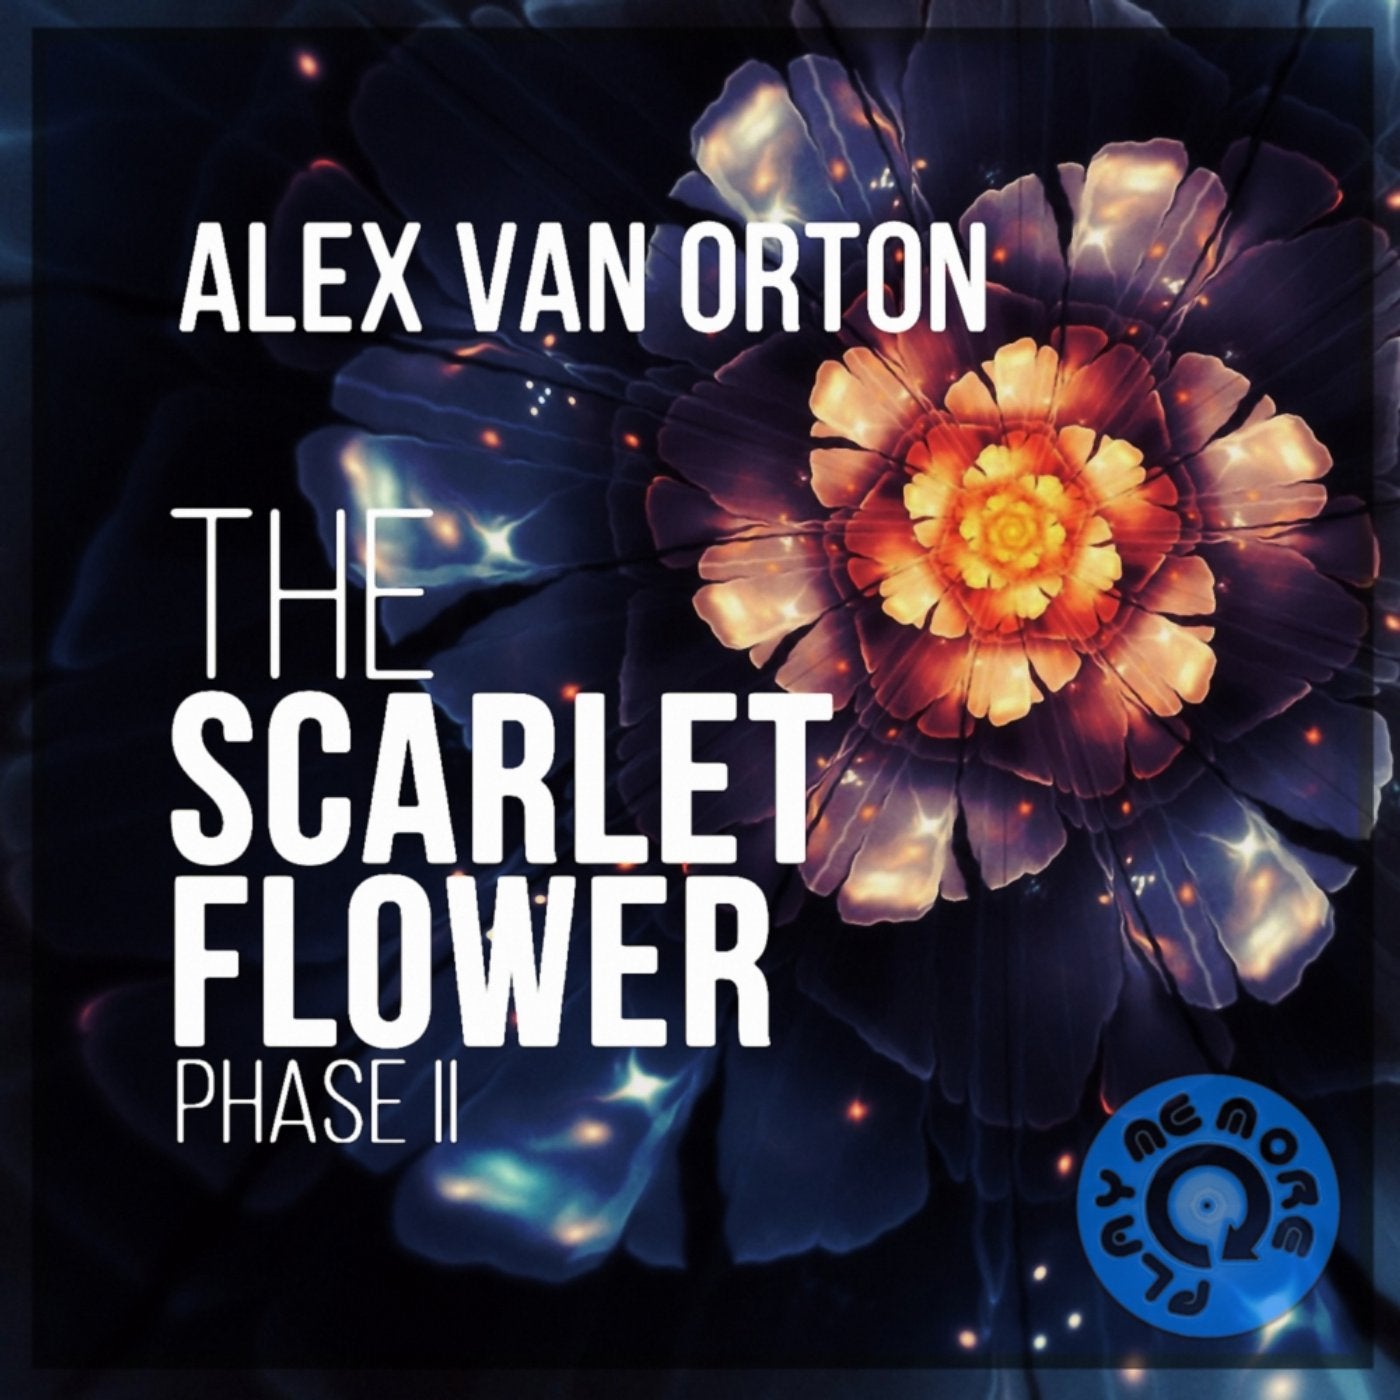 The Scarlet Flower (Phase II)
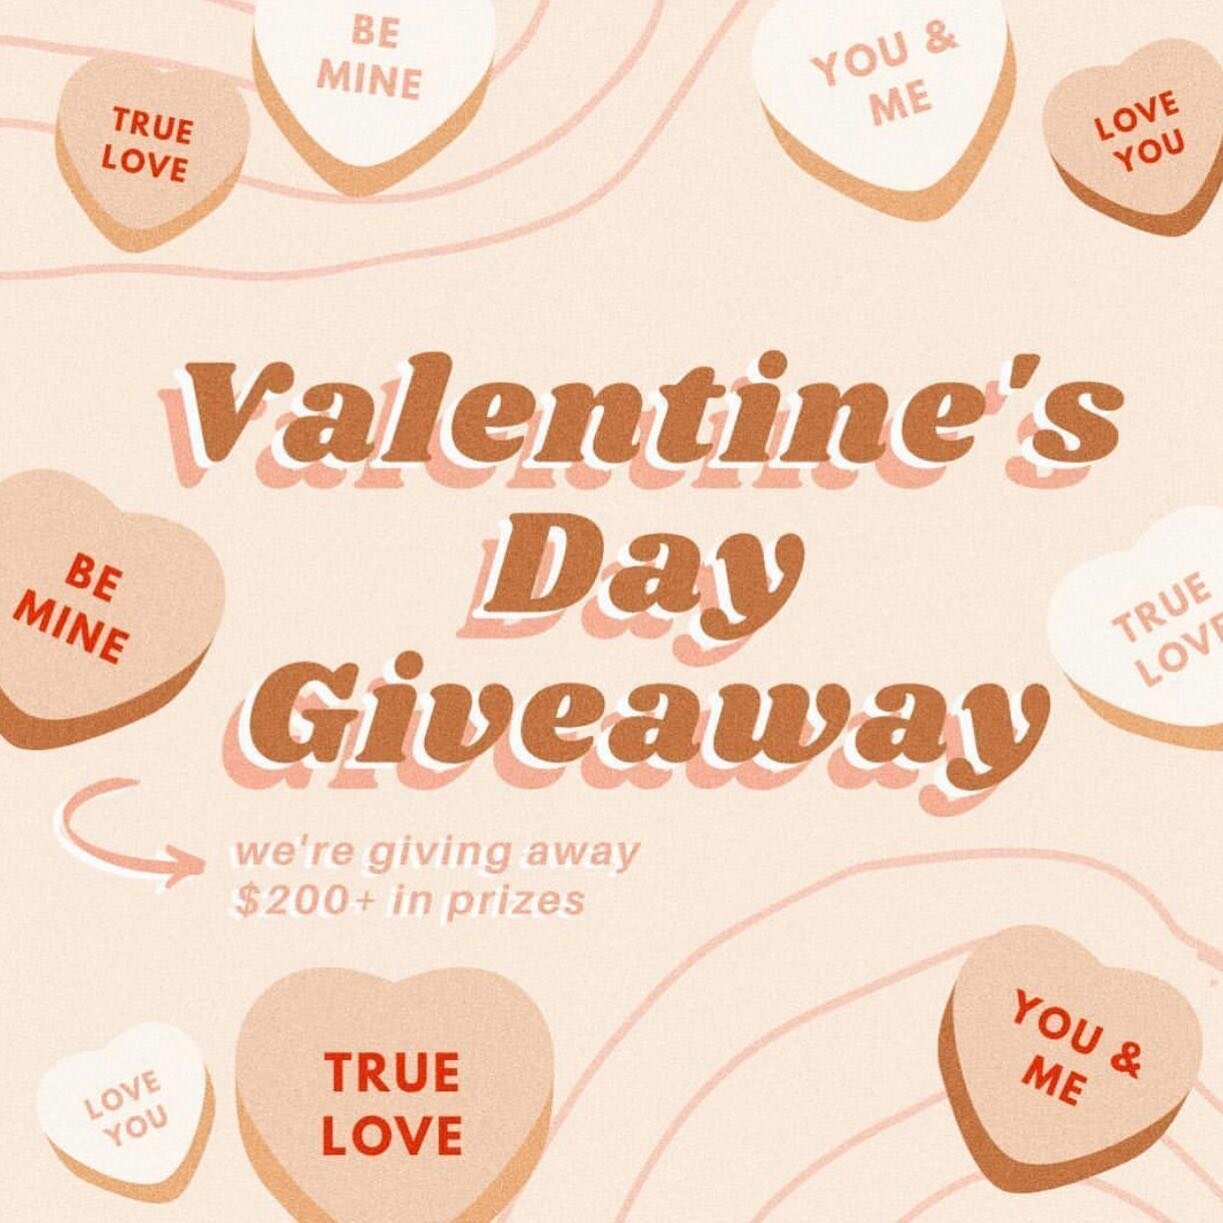 ☆ GIVEAWAY! ☆

I have partnered up with some amazing local businesses to give one lucky Austinite the opportunity to win the ultimate Valentine/Galentine giveaway bundle (valued over $200)!! 😲
-----------------------------
If you win, you will recei
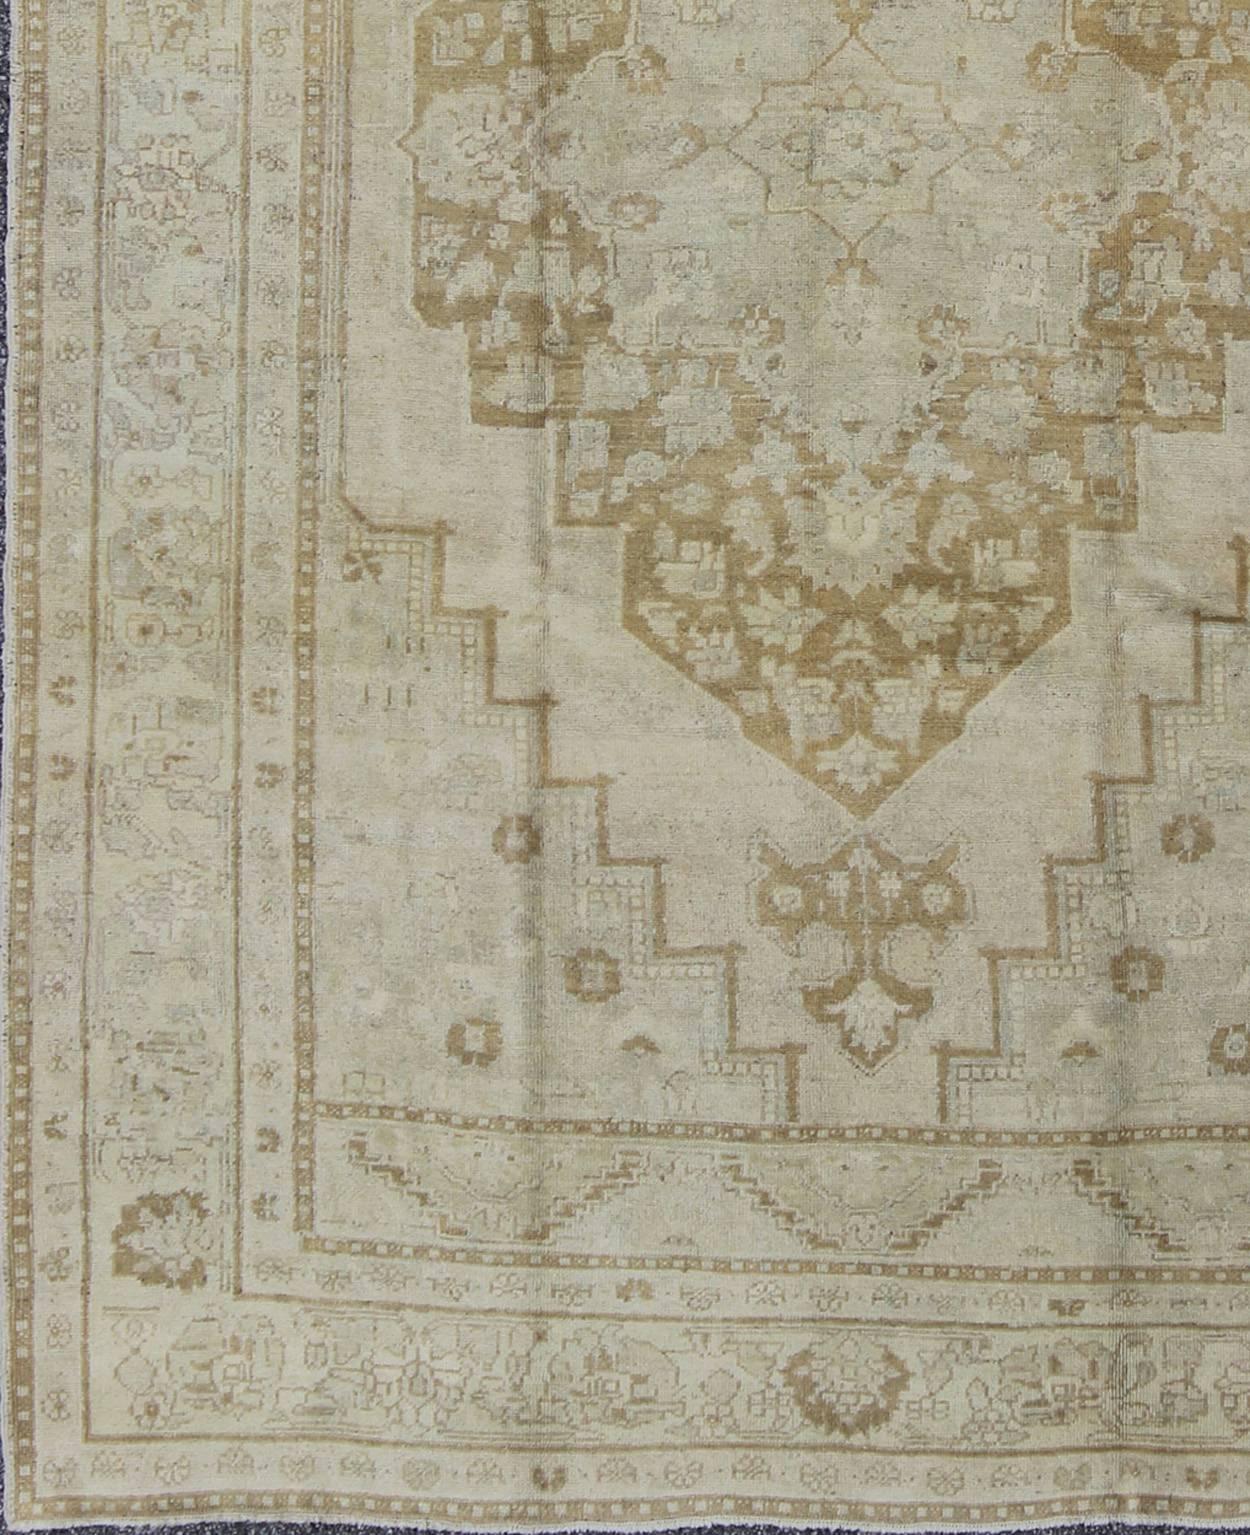 Pale Colored Vintage Turkish Oushak Rug in Gray, Taupe, Cream and Light Brown.
Oushak rugs such as this vintage piece are highly decorative and desirable for their pale colors. The subdued color palette of soft gold, light brown, green, ivory and
---+---
* TASK GOAL: Write the lines from the one containing "I have partnered" through the end of the data above exactly as they appear, and do not carry over any picture.

* OUTPUT BELOW:
I have partnered up with some amazing local businesses to give one lucky Austinite the opportunity to win the ultimate Valentine/Galentine giveaway bundle (valued over $200)!! 😲
-----------------------------
If you win, you will recei
 Pale Colored Vintage Turkish Oushak Rug in Gray, Taupe, Cream and Light Brown.
Oushak rugs such as this vintage piece are highly decorative and desirable for their pale colors. The subdued color palette of soft gold, light brown, green, ivory and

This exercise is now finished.